A mistura do Brasil com o Egito
Das coisas para se entender é que o Deserto do Saara não é apenas um Deserto específico, são muitos. O Saara é uma macrorregião ao norte do continente africano que corta 11 países e possui uma área maior que países como o Brasil e a Austrália. O Black and White Desert é um desses muitos “micro desertos” contido na imensidão do Saara. É nele que se encontram alguns dos oásis egípcios como o de Baharyia ( pelo qual passei) e Siwa.
Para aproveitar bem partimos cedo do Cairo para irmos até Baharyia Oásis que fica à 365 km da cidade. É neste lugar que tem uma Cold Spring, ou seja, um tanque cheio de água retirada de um poço. Para nós, brasileiros, isso não é absolutamente nada demais, mas água jorrando ao ponto de fazer uma piscina é um feito considerável em meio ao deserto.
O oásis em si não achei grande coisa, não corresponde aos loucos sonhos hollywoodianos de frutas frescas e abanadores, mas sim à pequenas cidades do interior nos dias de calor que sobrevive da pequena agricultura em meio à poeira. Ainda assim, é um oásis de água do poço é pequena agricultura.

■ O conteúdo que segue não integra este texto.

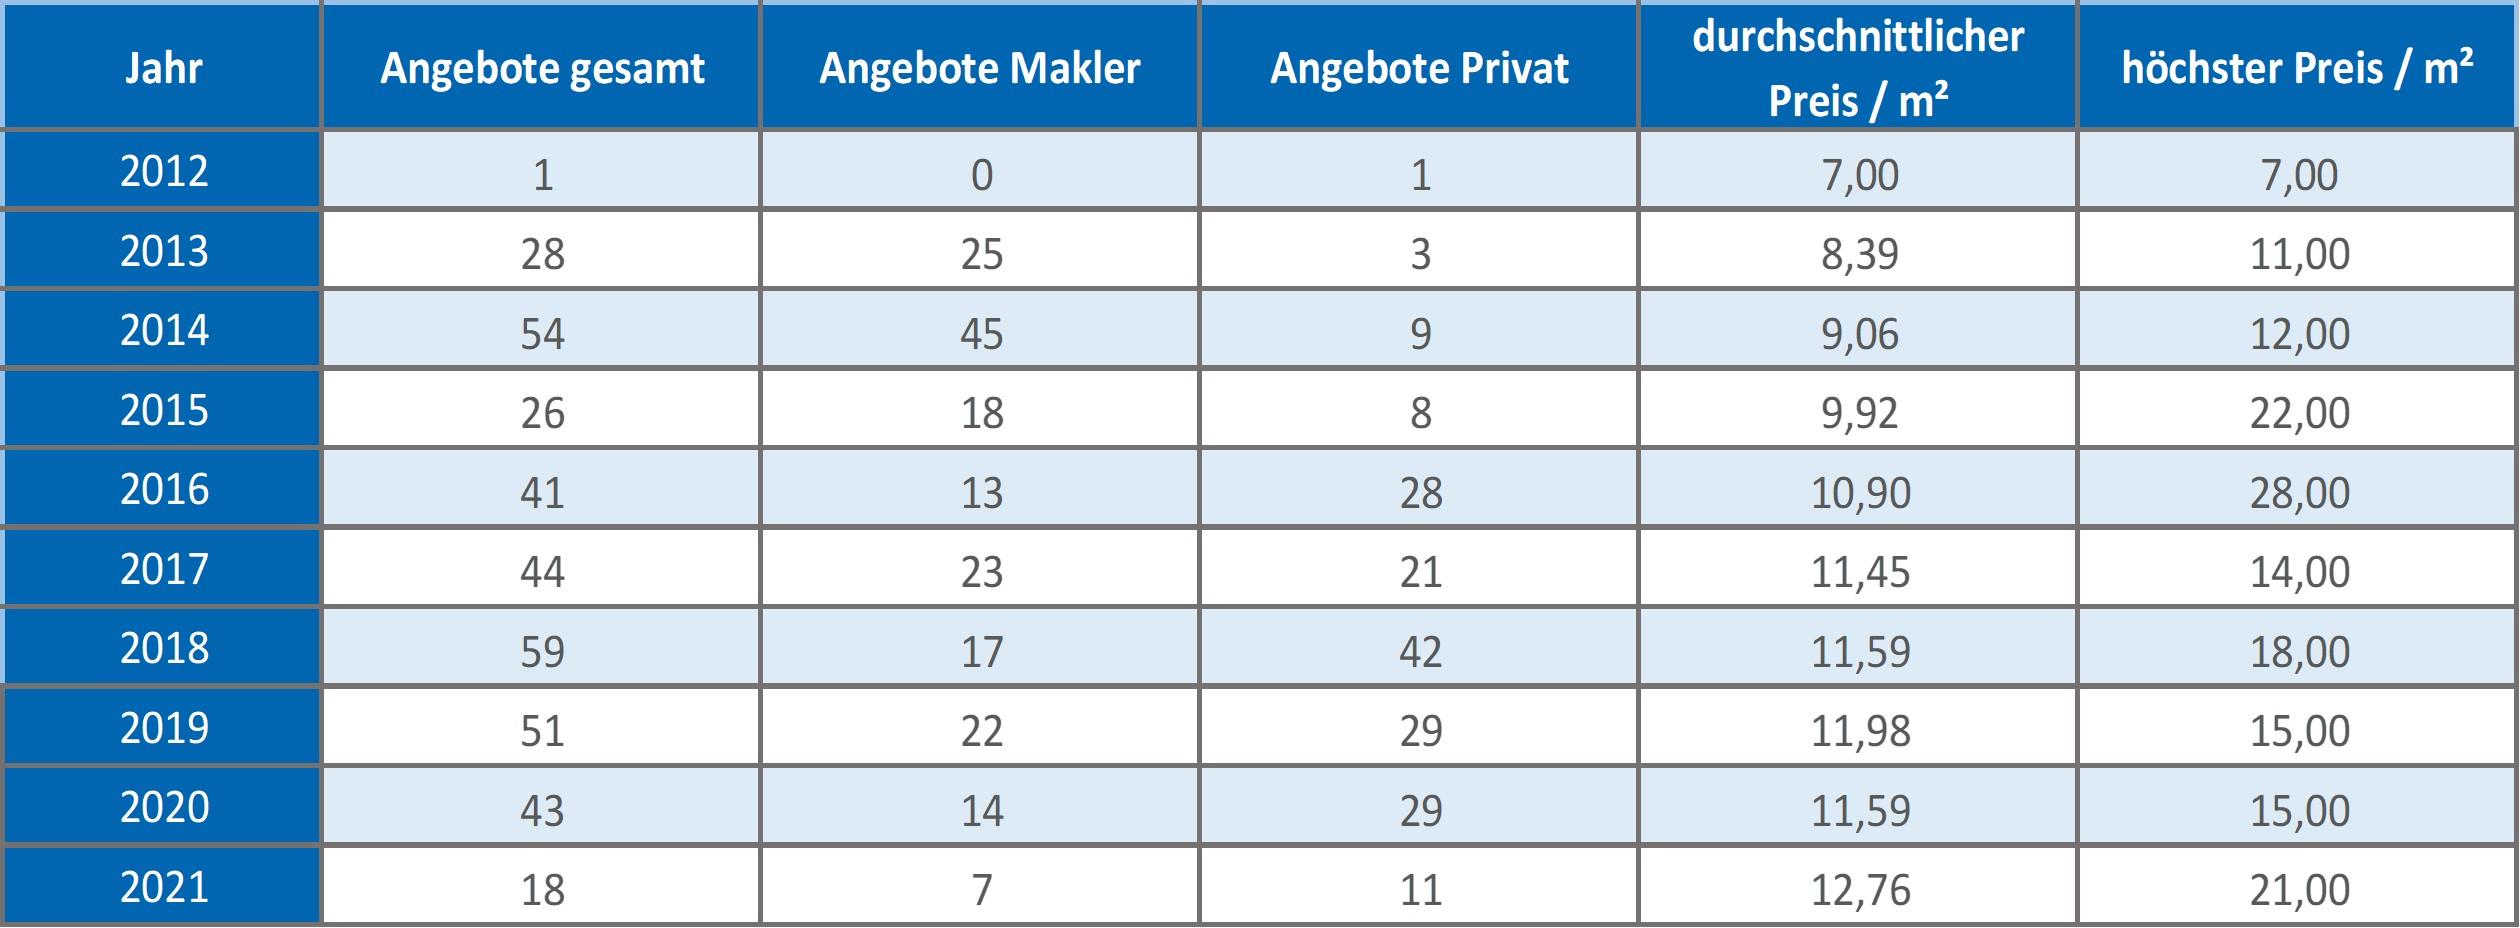 Weßling Haus Wohnung mieten vermieten Preis Bewertung Makler www.happy-immo.de 2019 2020 2021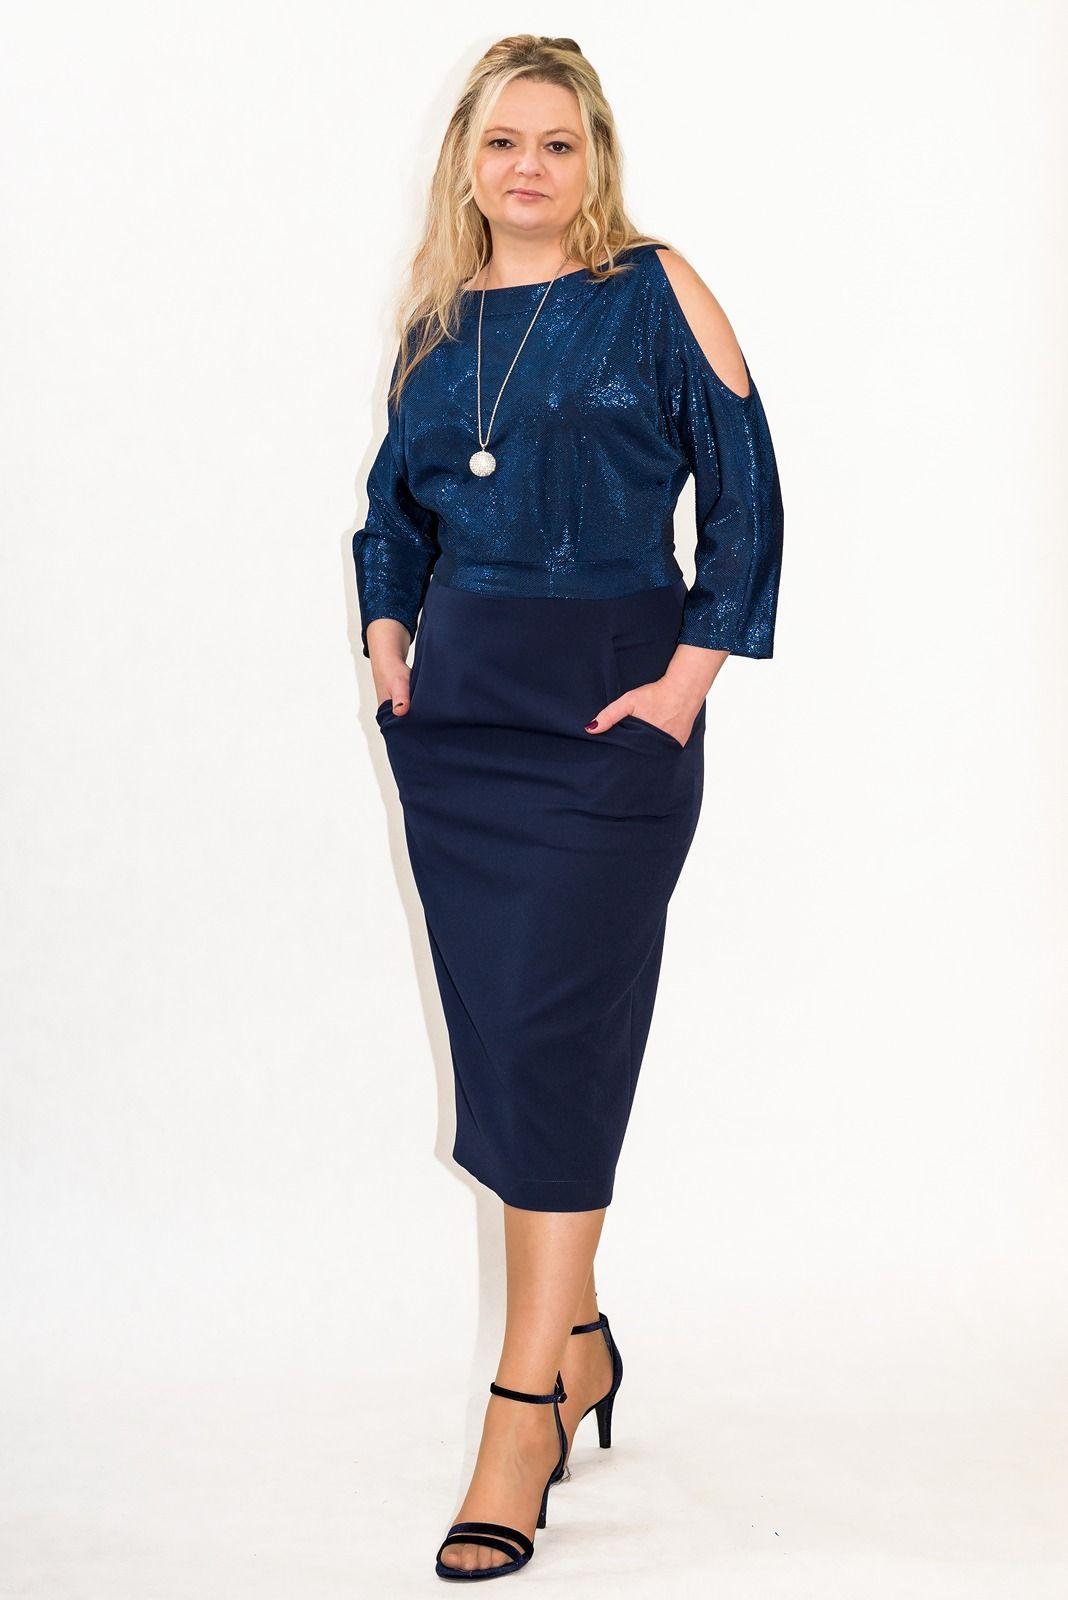 c5cc8589e95915 Elegancka sukienka XXL MARI 40-60 PLUS SIZE #eleganckie #sukienki #sukienka  #

A partir deste ponto seguimos de fato deserto à dentro. A primeira parada é no Black Desert que são formações montanhosas cobertas de pequenas pedras negras de basalto que dão um clima surreal para o entorno. Seguindo, paramos na Cristal Mountain, um aglomerado de pequenos cristais que formam uma curiosa pedra em forma de camelo.
Conforme adentramos o deserto a paisagem vai mudando até chegar naquele sonho de consumo de dunas de areia. A subida por onde chegamos é pequena, mas ao chegar ao topo e ter a visão do alto se entende a imensidão. Para nossa felicidade o guia tinha duas pranchas de skyboard, então é óbvio que fizemos skybunda e com isso eu eliminei mais um trauma de infância (história envolvendo canteiro de terra, a mania de querer fazer as coisas, um empurrão mal dado e do joelho ao dedão do pé ralado no muro de chapisco). Nesse ponto a questão é: fazer skybunda na duna é fácil, o difícil é subir de volta com a prancha.
Passadas as dunas entramos em mais um território, este coberto por diversos montículos de pedras incrivelmente brancas pontuando a areia escaldante. É neste cenário que encontramos algo recorrente em todo o mundo é nem por isso menos belo: pedras moldadas pelas intempéries do tempo tomando as mais distintas formas, desde animais até impossibilidades gravitacionais de imensos topos sobre fina base.
Com à noite se aproximando é hora de montar acampamento, o que o guia se encarregou com uma velocidade incrível e já iniciou o preparo do jantar que era basicamente um cassoulet de legumes, frango assado no braseiro e arroz à moda beduína, tudo muito bom por sinal.
Chegamos no lugar que acamparíamos pouco tempo antes do pôr-dó-sol e esse fenômeno natural que persigo com tanto afinco torna todo o White Desert em um alaranjado brilhante dos reflexos das pedras de cal. Mas é da noite que quero contar. Perdidos no meio do deserto a Via Láctea se desenha no céu e as estrelas se tornam um espetáculo à parte.
Porquê é a noite que mais me interessava e angustiava? Eu, enquanto Shaula, sou detentora deste nome que sempre suscita estranheza e questionamentos. Geralmente só digo que é um nome libanês e pronto. Porém à quem merece conto a história que Shaula é, de fato, libanês e também o nome de uma estrela. Essa estrela é, literalmente, o ferrão da constelação de Escorpião. E sempre complemento: essa constelação é mais visível na região do Oriente Médio.
E pela primeira vez eu à vi! Imensa, girando ao redor da lua conforme as horas passavam. Lá estava eu encarando o céu como quem mira-se no espelho, buscando algo naquela versão extinta de mim, me enxergando no passado. Pode parecer algo pequeno e meramente simbólico, mas por algumas horas lá estava eu cumprindo um ritual de discurso ancestral. Sob a proteção desta e de todas as outras milhões de estrelas adormeci em campo aberto me sentindo protegida e acolhida, mergulhada em um sentimento de pertencimento que poucas vezes senti durante a minha vida.